The reason this vulnerability raises many concerns is the breadth in threat vectors available to attackers. For example, the simple task of loading a website gives attackers the opportunity to exploit the vulnerability if the server handling your website request uses bash commands to access the information you requested. So if you still don’t think we use command line anymore, think again.

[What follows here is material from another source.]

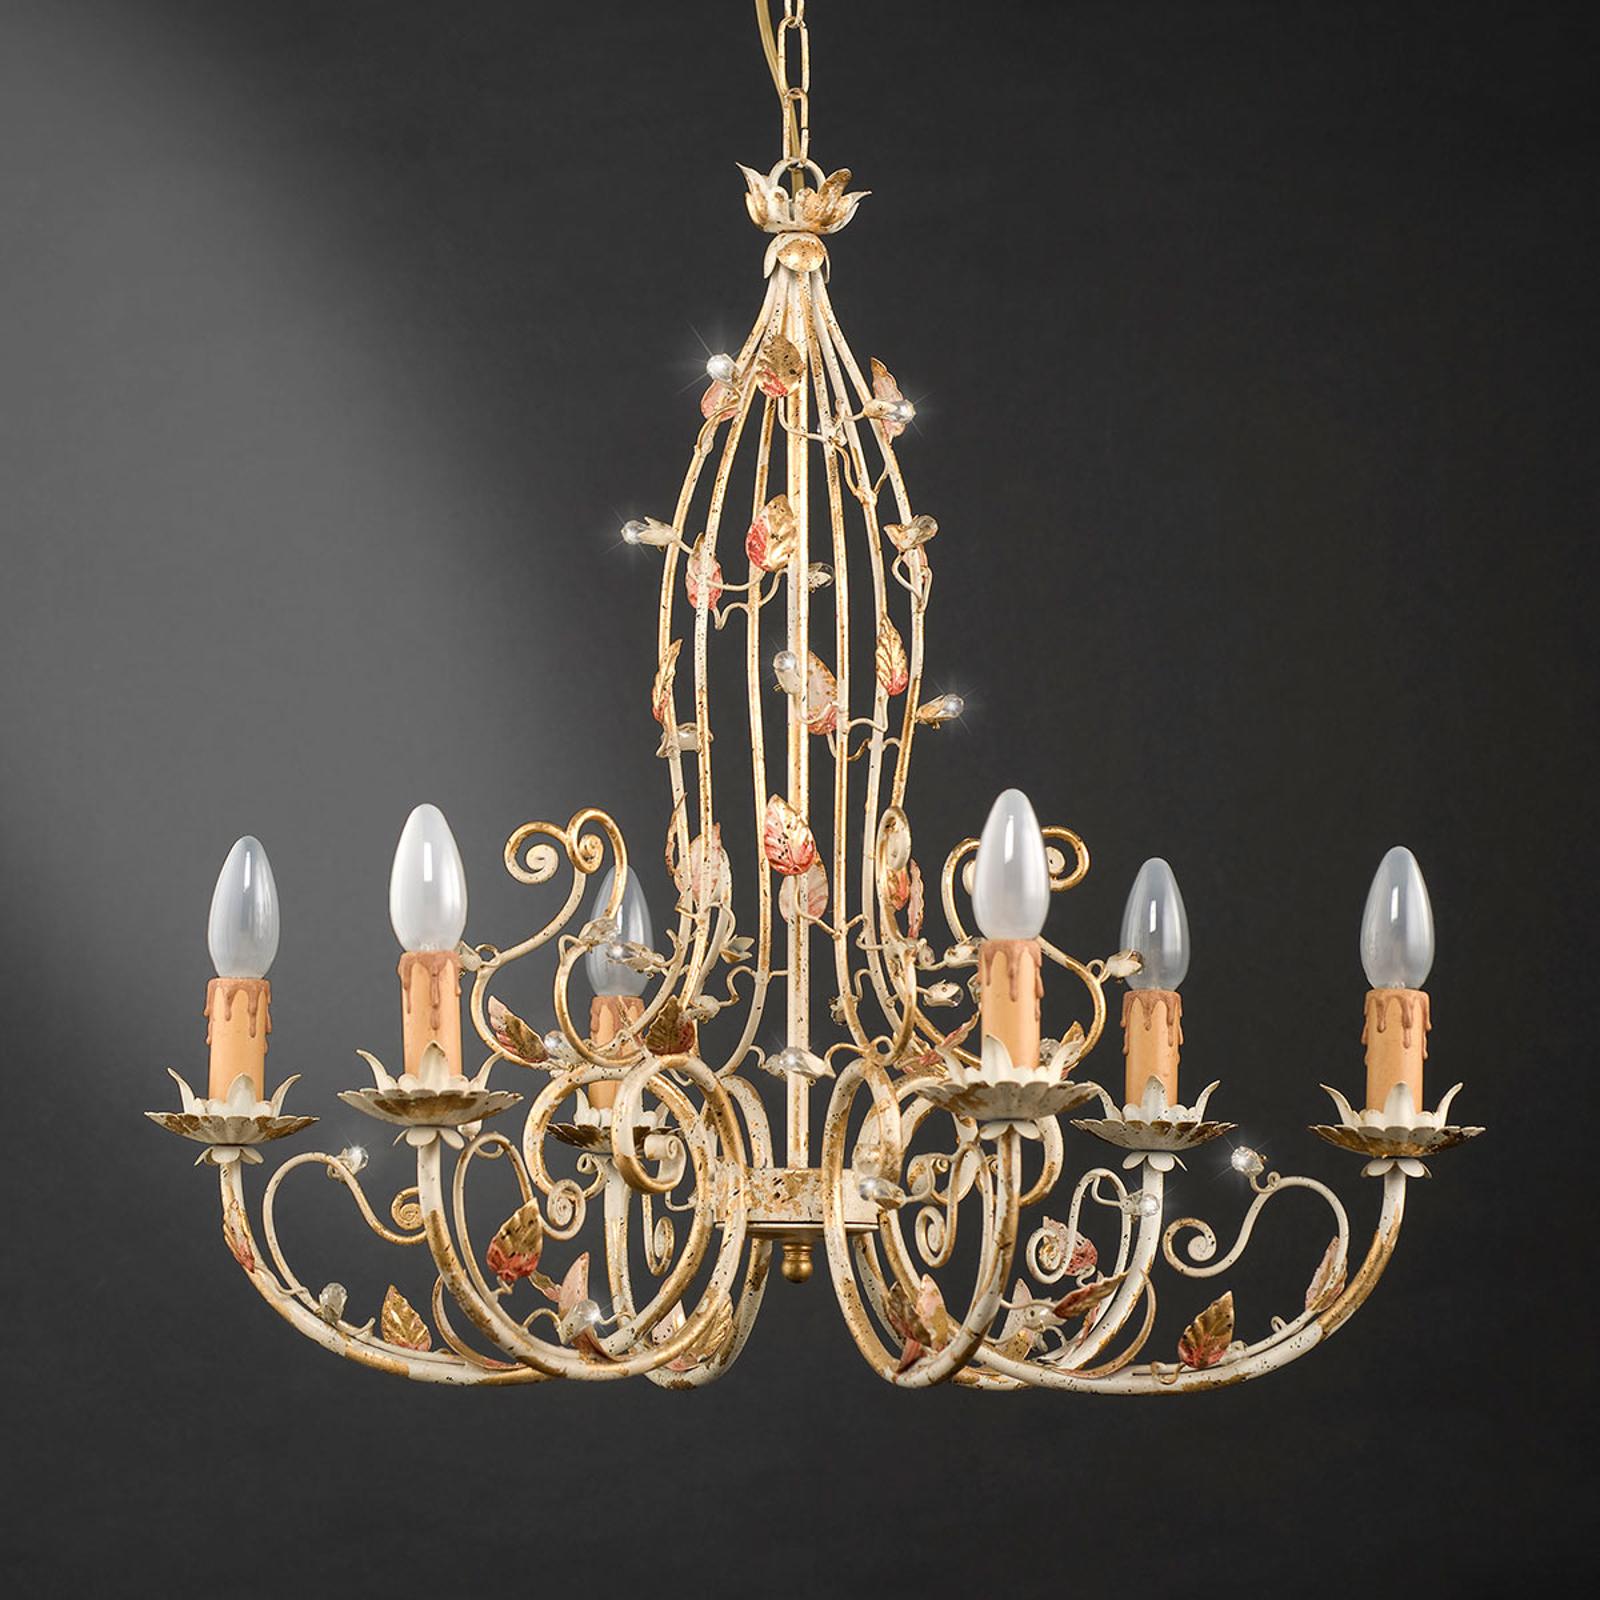 Kronleuchter 200/6, florales Design, 6-flammig
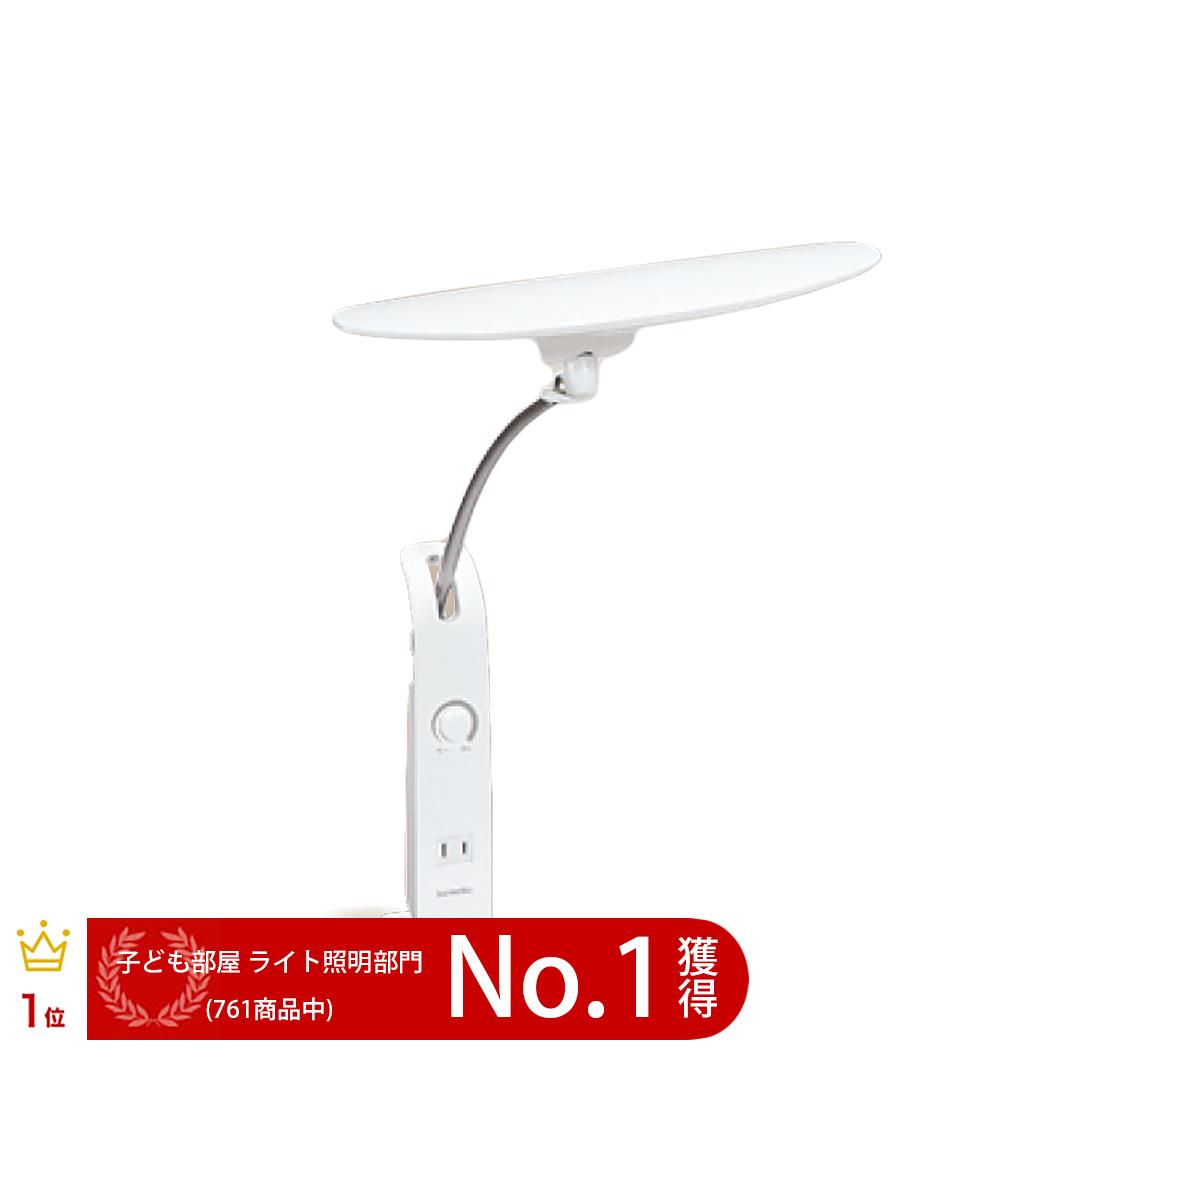 カリモク デスクライト LED KS0156SH LEDスタンドライト[クランプ式] (ホワイト色)【全国送料無料】【同梱不可】【店頭受取対応商品】

In fact, there are some computer programs that use Bash to execute commands on other computers. For example, how does a website know if you are accessing the site via mobile device or computer web browser? Based on the response your device returns ,the server will modify the content delivery to be compatible with the corresponding platform. From a technical perspective, your browser sends an agent to tell the web server that you are using either a mobile device or computer browser. The web server then uses that information to set the agent string as a variable before using Bash to execute code that generates the web page.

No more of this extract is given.